Adorno and Horkheimer thought it unlikely we would survive, and predicted three historical steps that would see us collapse altogether. High culture — including art — would exhaust itself, taking with it any sense of a shared inheritance. Second, we would lapse into infantile solipsism, duped by the immediate gratifications of capitalism — in particular, cinema and popular music. Finally, society — stupefied by such pleasures — would topple at the first serious test of its walls. Adorno and Horkheimer saw a host of surrogate mythologies — most notably, Nazism — poised to flood into the vacuum left behind.
This final point seemed borne out by the events of the 1930s and 1940s. But then, as the war receded into the past, much of the West suddenly found itself reclining into an unprecedented period of peace and prosperity. To the baby boomers, Adorno and Horkheimer's stuffy pessimism seemed laughably outmoded. And today, we assume — having never known any different — that this good fortune is simply here to stay. At a time of such global instability — with Putin and Islamism openly challenging our values — we urgently need to reconsider our confidence. Were the last 70 years really the final disproof of Adorno and Horkheimer’s pessimism, or did history merely postpone its judgment?

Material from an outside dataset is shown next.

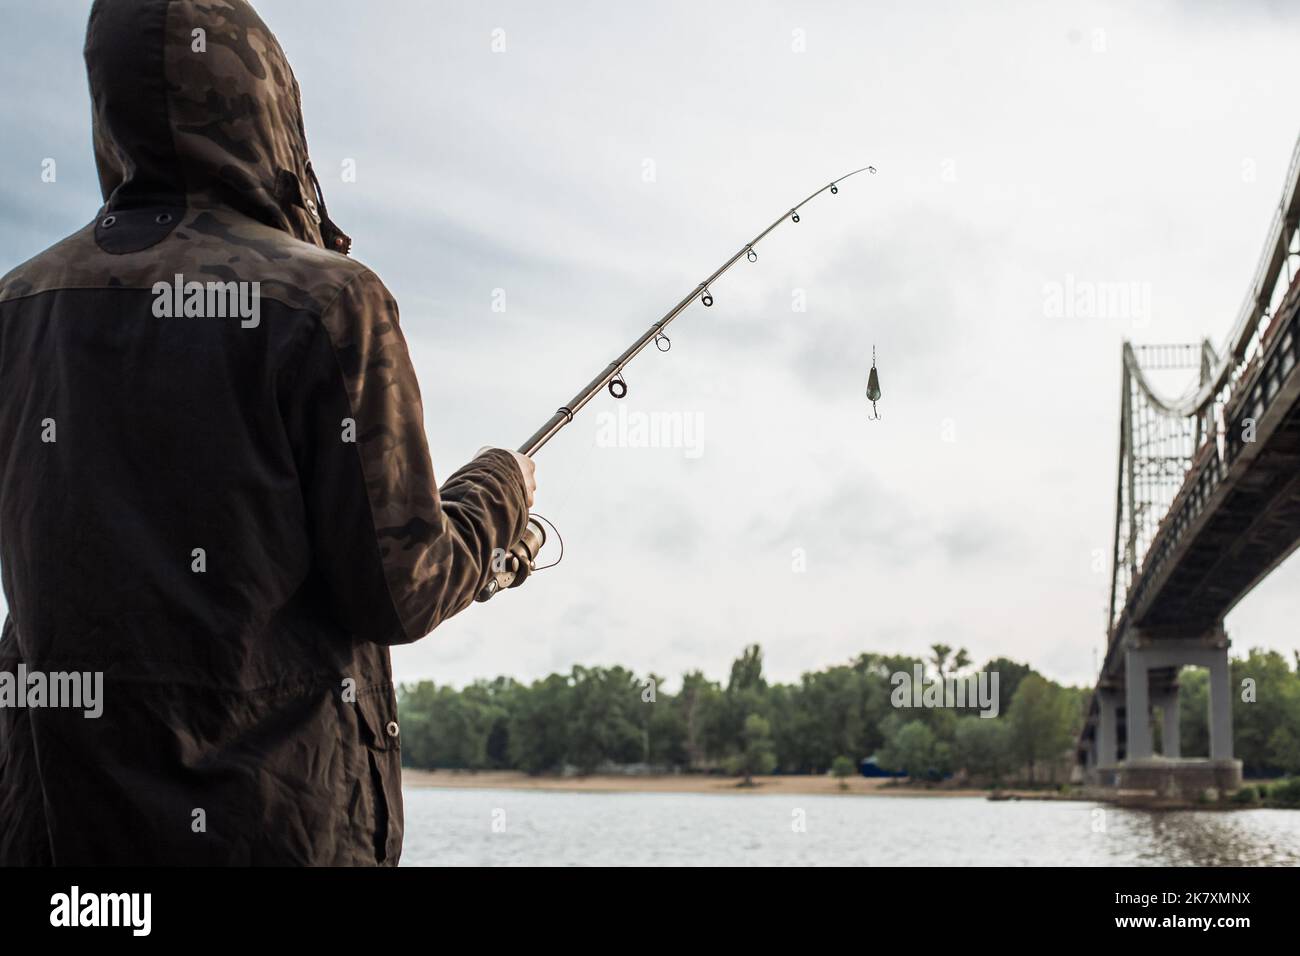 Young man fishing on the river. Fisherman holding spinning rod with spoon bait Stock Photo

Let us begin with the charge of Western infantilism. Here, at least, Adorno and Horkheimer seem to have been rather prescient. The West is — for all its wealth today — far more childish than even they anticipated. This can be traced — I believe — to the reductionist narratives we adopted as our mantras during the last century.
Think about the social implications of Ayer’s philosophy, emotivism. According to Ayer, moral and aesthetic statements express nothing but the crudest of personal feelings — when I say “Theft is wrong,” all I really mean is “I don’t like theft.” That’s it. Arguments about the thorniest of ethical dilemmas or the most sublime of artworks are reduced to the level of a toddler’s tantrum. The evolutionary psychologists go even further: we’re not just children, they say; we’re animals. According to Richard Dawkins, “Our animal origins are constantly lurking behind, even if they are filtered through complicated social evolution.” Culture is just a long-winded mating game that, somewhere along the line, seems to have got a bit out of hand.
These are not niche ideas any more. Advertisements humorously depict us as bumbling primates, perhaps stumbling upon coffee or a microwave for the first time. Kurt Vonnegut wrote: “I was taught that the human brain was the crowning glory of evolution so far, but I think it’s a very poor scheme for survival.” Such writers give us absolutely no reason to cultivate virtue, no reason to refine our judgments, and every reason to ignore the past and dispense with our responsibilities.